WHAT IS BEING ASKED -> The response should contain only the line with "Cute Pink Retro" and every line after it to the end of the listing below, duplicated exactly; no picture belongs in it.

PROVIDED MATERIAL ->
-----

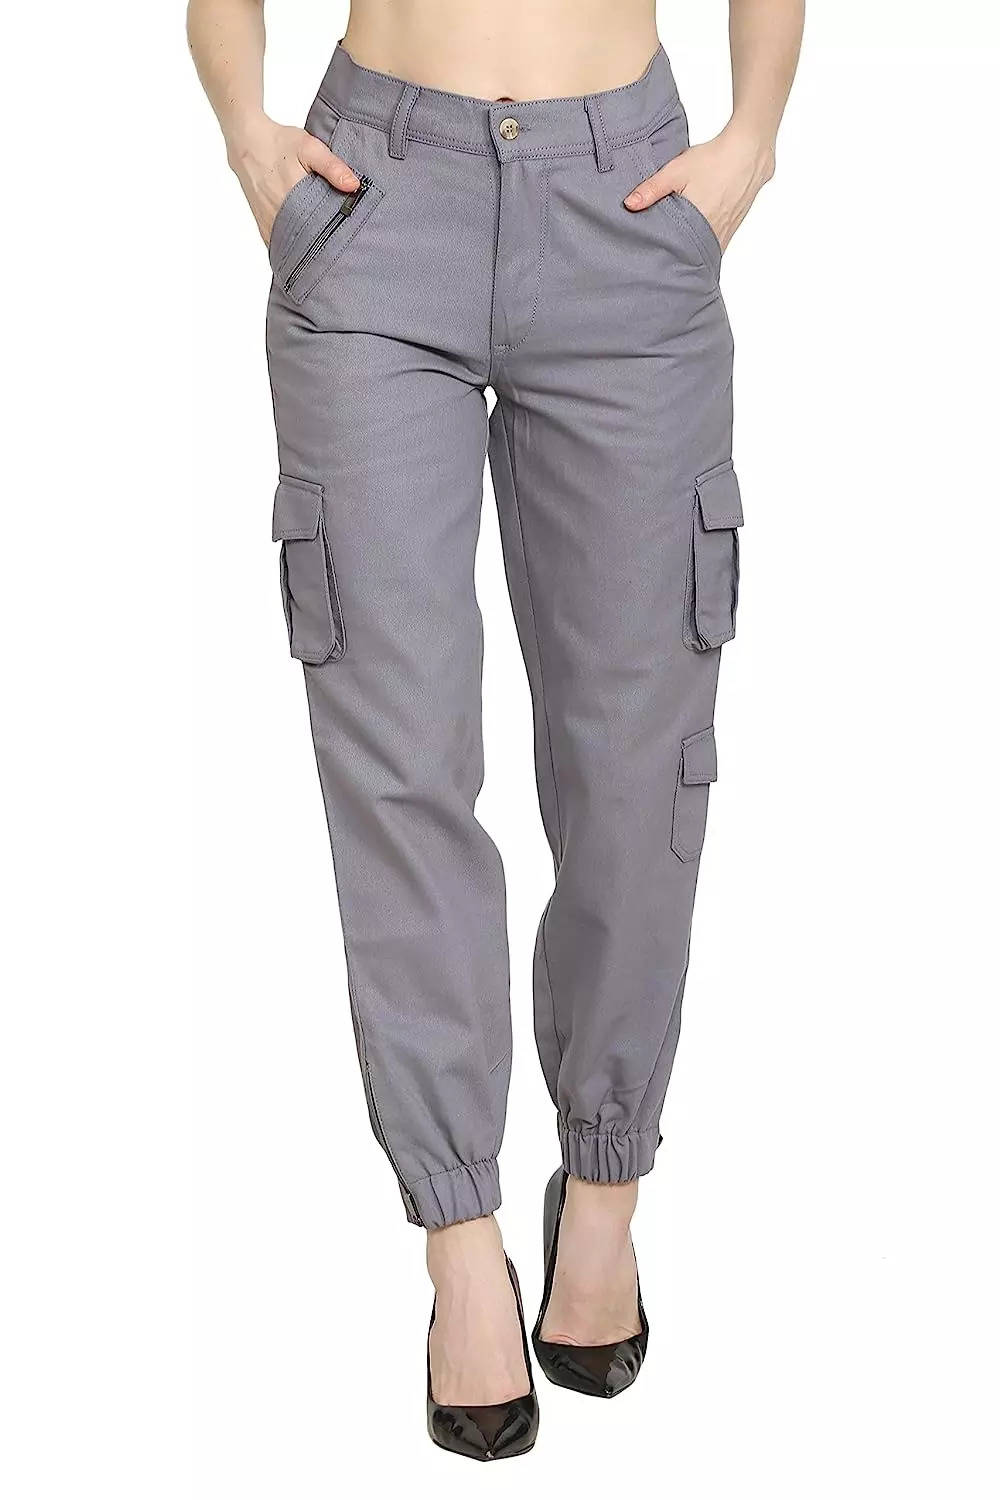 SKYLINEWEARS Women's Tactical Pants Combat Cargo Trousers Utility Work Pants  | eBay
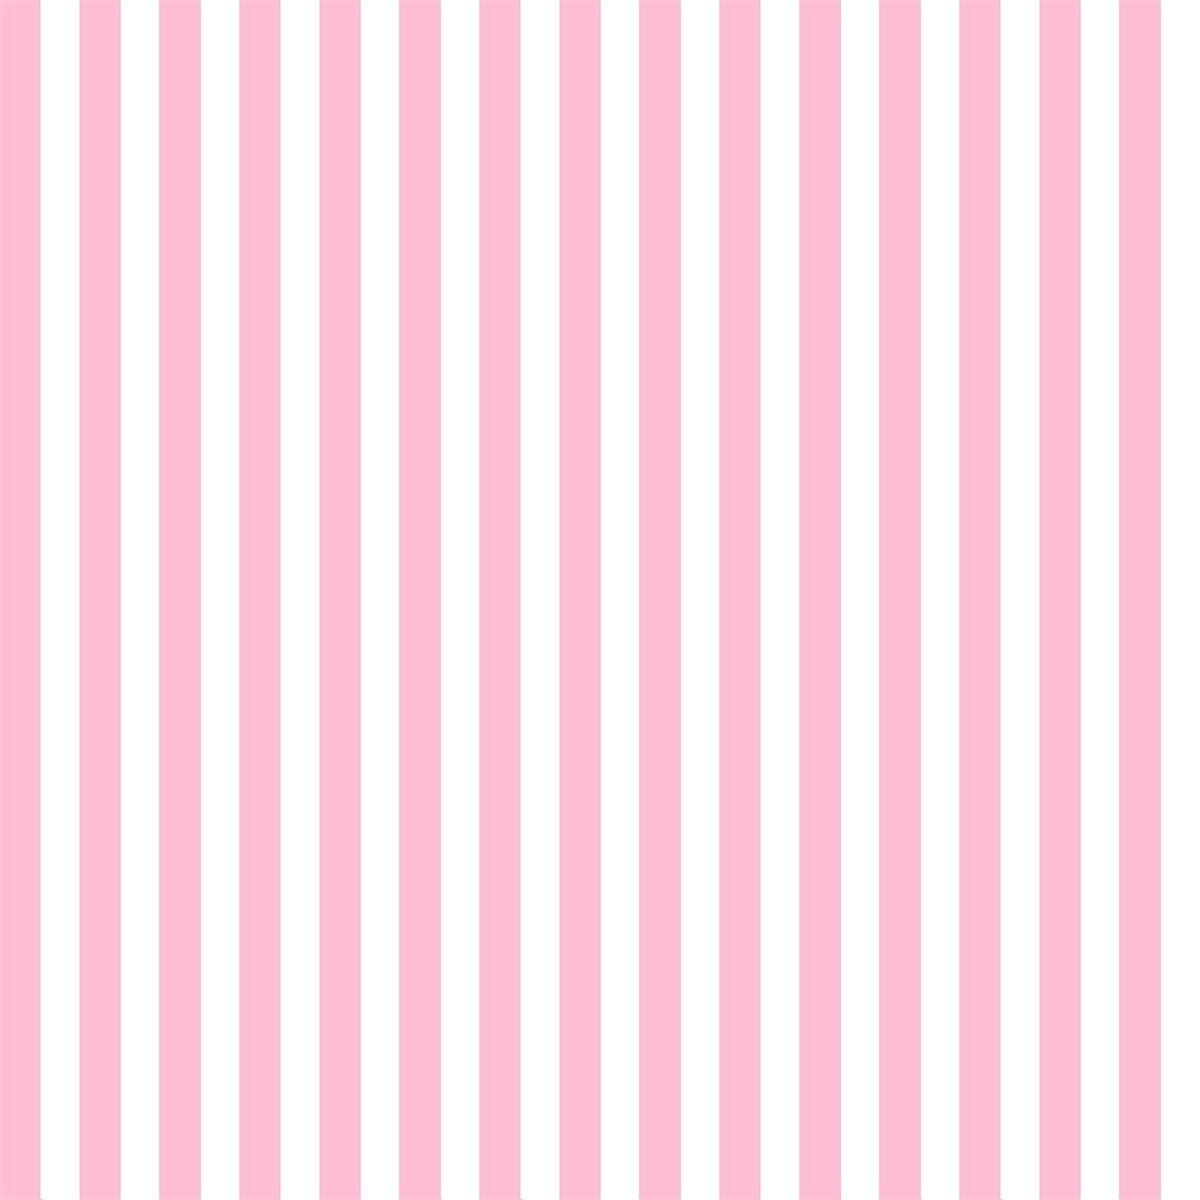 Cute Pink Retro Border / Frame On Pink Stripe Background Royalty
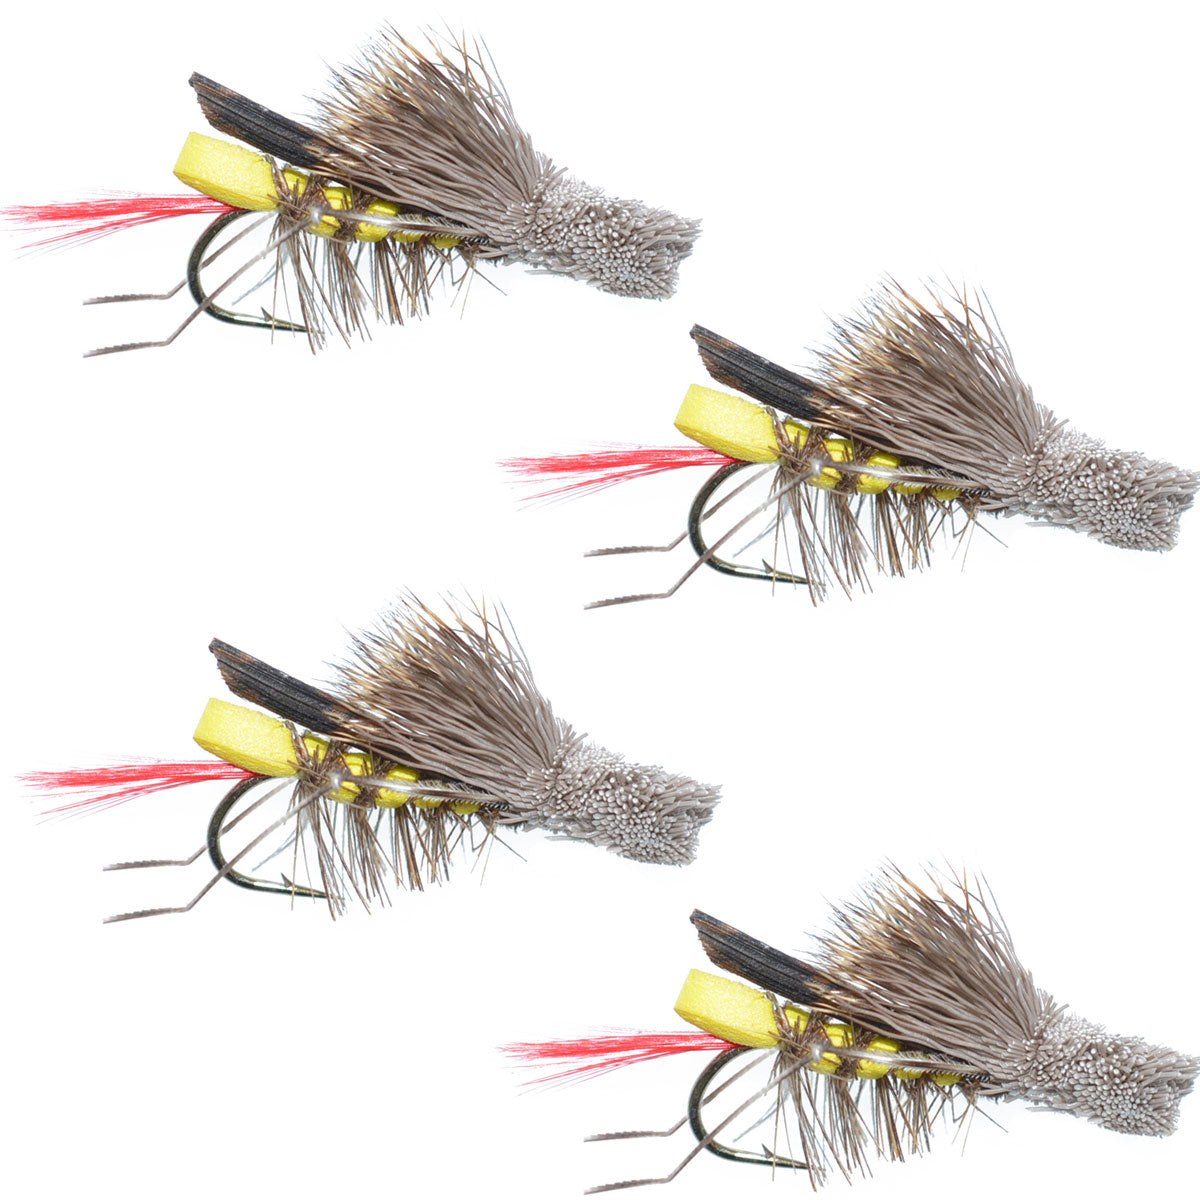 4 Pack Dave's Hopper Yellow Foam Body Grasshopper Fly - Hook Size 8

-----

FINAL ANSWER ->
 Cute Pink Retro Border / Frame On Pink Stripe Background Royalty
 4 Pack Dave's Hopper Yellow Foam Body Grasshopper Fly - Hook Size 8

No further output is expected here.